WWV 2005 Preliminary Version
Slicing XML Documents
Josep Silva 2
DSIC, Technical University of Valencia
Valencia, Spain
Abstract
Program slicing is a well-known technique to extract the program statements that
(potentially) affect the values computed at some point of interest. In this work, we
introduce a novel slicing method for XML documents. Essentially, given an XML
document (which is valid w.r.t. some DTD), we produce a new XML document
(a slice) that contains the relevant information in the original XML document according to some criterion.

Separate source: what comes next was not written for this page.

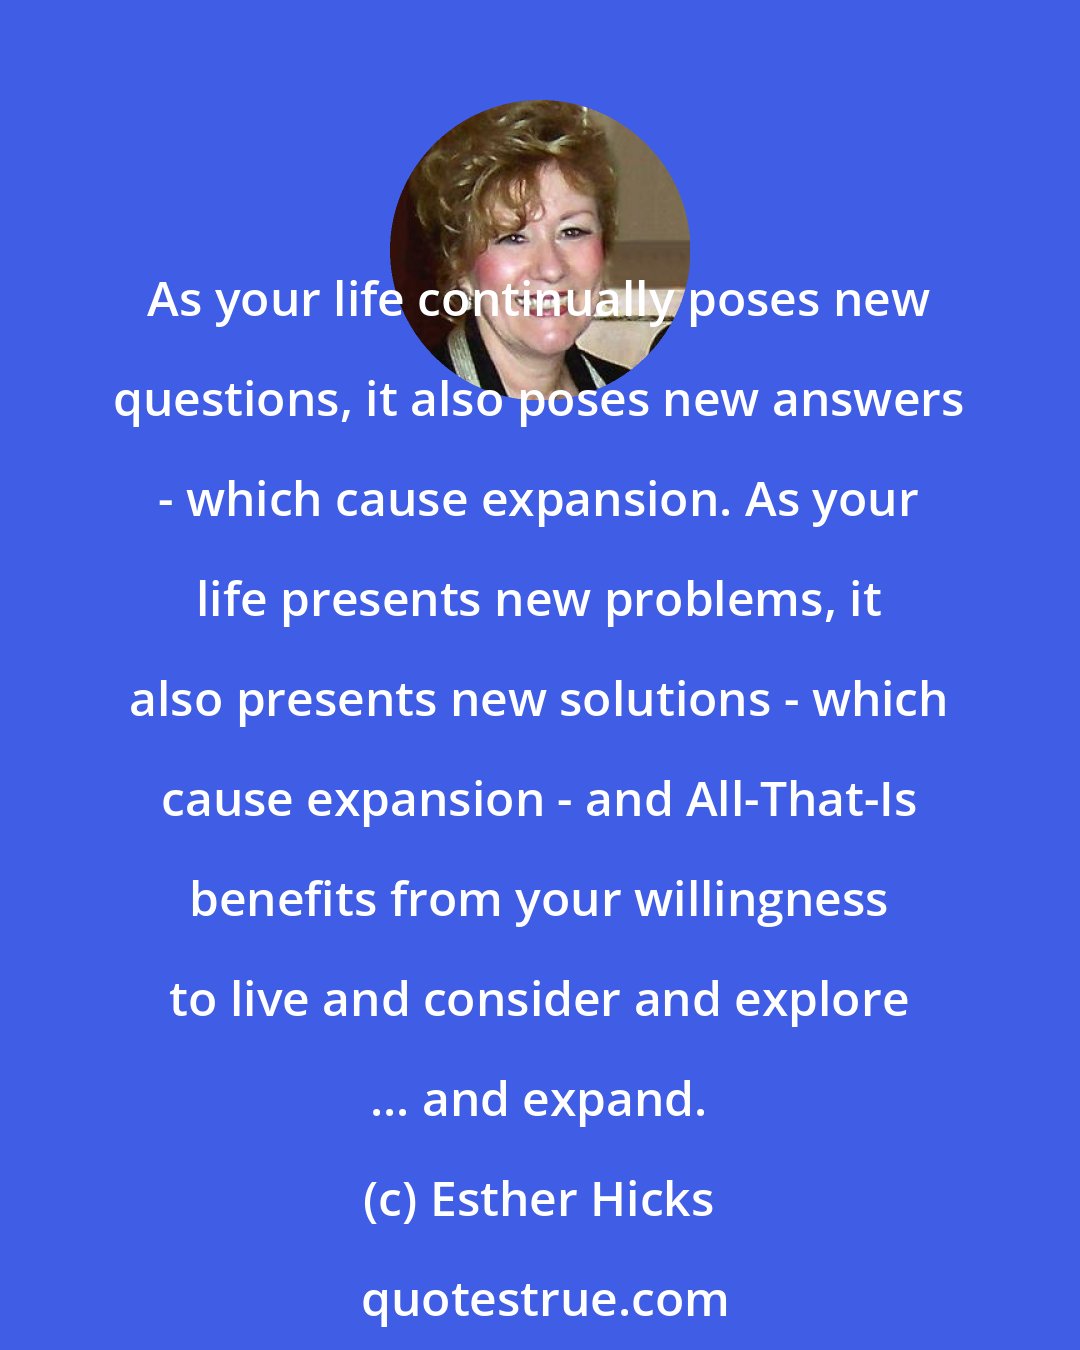 Esther Hicks: As your life continually poses new questions, it also poses new answers - which cause expansion. As your life presents new problems, it also presents new solutions - which cause expansion - and All-That-Is benefits from your willingness to live and consider and explore ... and expand.

Furthermore, we also output a new DTD such that the
computed slice is valid w.r.t. this DTD. A prototype implementation of the XML
slicer has been undertaken.
Key words: XML, DTD, Program Slicing.
1
Introduction
The increasing complexity of websites demands for tools which are able to
aid Web designers in their construction and maintenance. Systematic, formal
approaches can bring many benefits to quality website development, giving
support for automated website transformations.
One of the most widely used program transformations is program slicing.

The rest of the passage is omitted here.